Can environment play a role? environment play a SuperAgers share similar traits, said Rogalski, who is also the associate director of the Mesulam Center for Cognitive Neurology and Alzheimer Disease at Feinberg. These folks stay active physically. They tend to be positive. They challenge their brain every day, reading or learning something new — many continue to work into their 80s. SuperAgers are also social butterflies, surrounded by family and friends, and can often be found volunteering in the community.
“When we compare SuperAgers to normal agers we see that they tend to endorse more positive relations with others,” Rogalski said.
“This social connectedness may be a feature of SuperAgers that distinguishes them from those who are still doing well but who are what we would call an average or normal ager,” she said.
Looking back at her life, Carol Siegler recognizes many SuperAger traits. As a young child during the Great Depression, she taught herself to spell and play piano. She learned to read Hebrew at her grandfather’s knee, poring over his weekly Yiddish newspaper.
“I have a great memory. I’ve always had it,” Siegler said. “I was always the kid that you could say, ‘Hey, what’s Sofia’s phone number?’ and I would just know it off the top of my head.”

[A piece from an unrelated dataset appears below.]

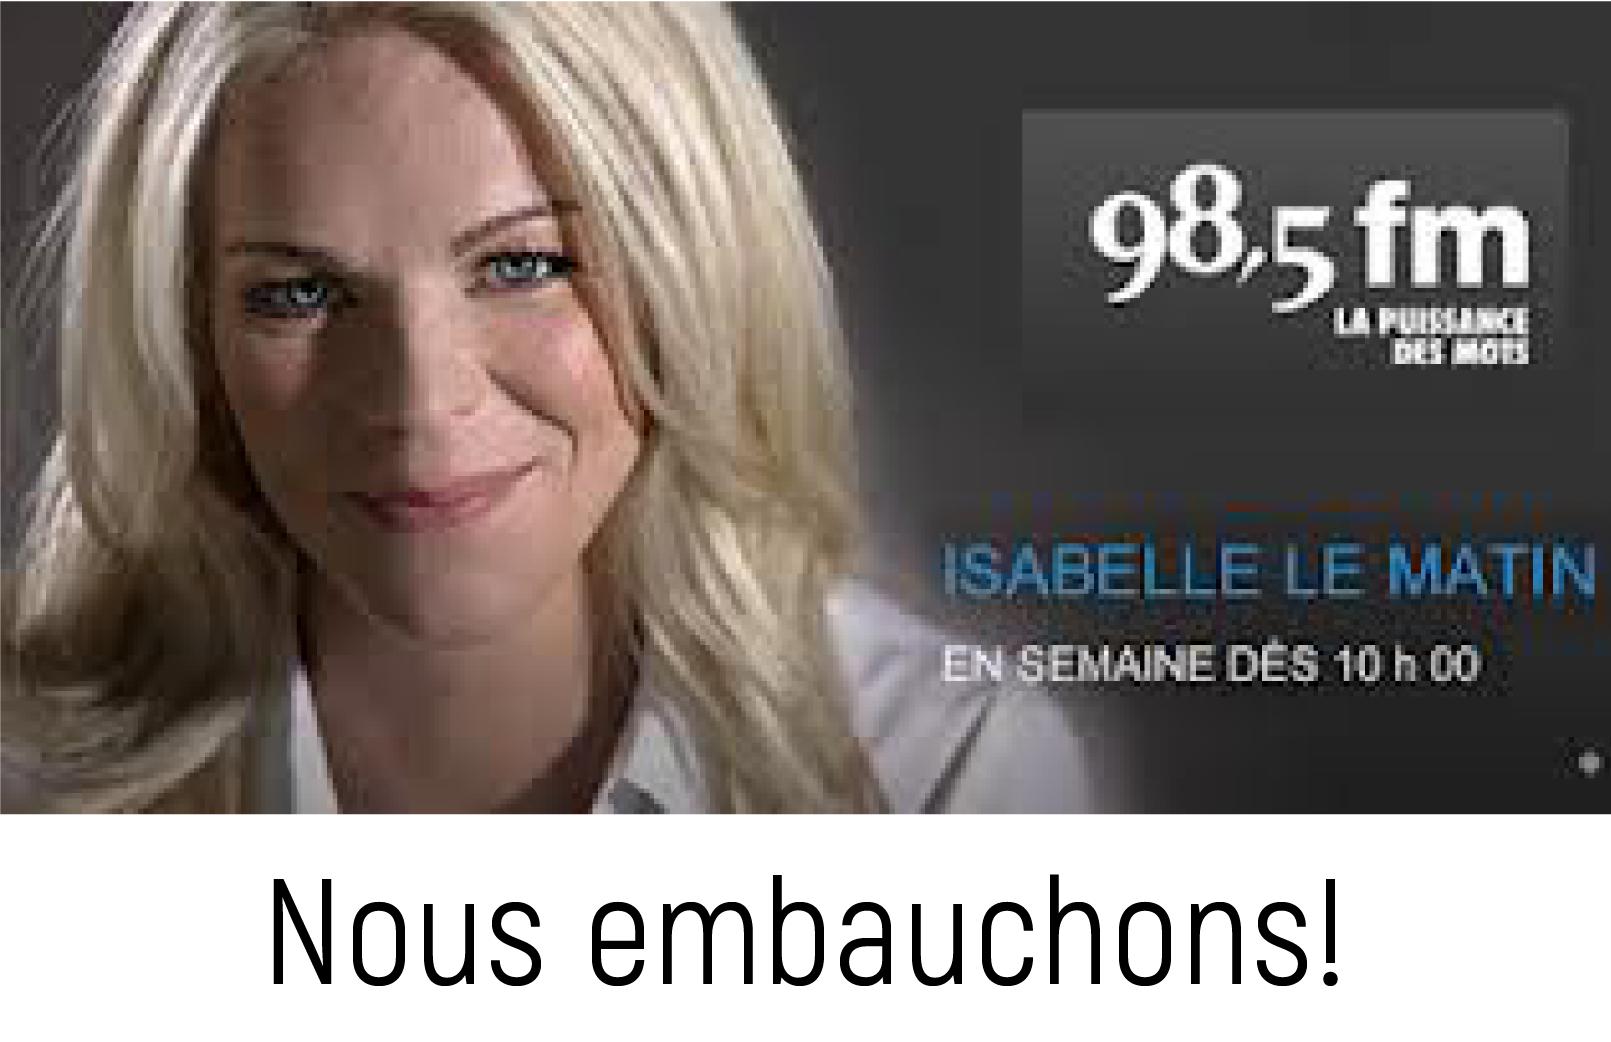 Isabelle Marechal 98,5 fm le matin - Annonce nous embauchons!
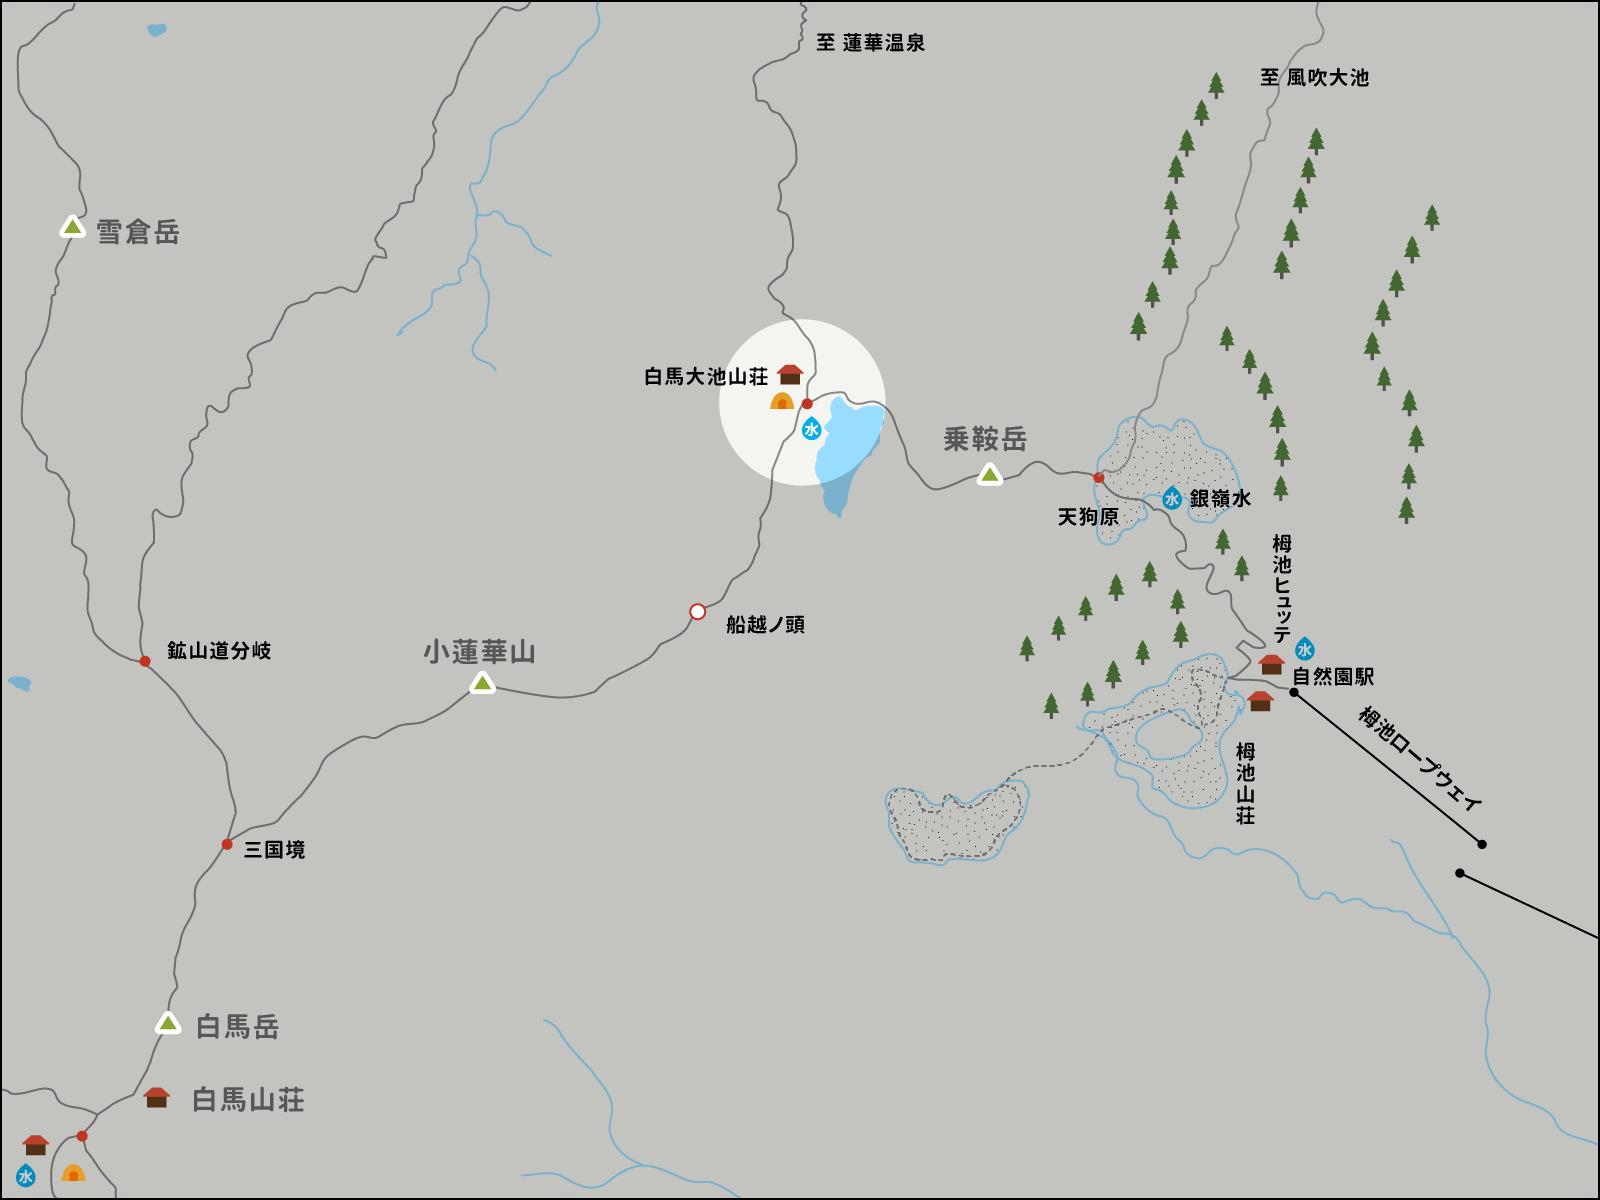 白馬大池山荘のイラストマップ

She graduated from high school at 16 and immediately went to college. Siegler got her pilot’s license at age 23 and later started a family business in her basement that grew to have 100 employees. At 82, she won the American Crossword Puzzle Tournament for her age group, which she said she entered “as a gag.” After seeing an advertisement for the SuperAger program on television, Siegler thought it too sounded like fun. Being chosen as a SuperAger was a thrill, Siegler said, but she is aware she was born lucky.
“Somebody with the same abilities or talents as a SuperAger who lived in a place where there was very little way to express them, might never know that he or she had them,” she said. “And that is a true shame.”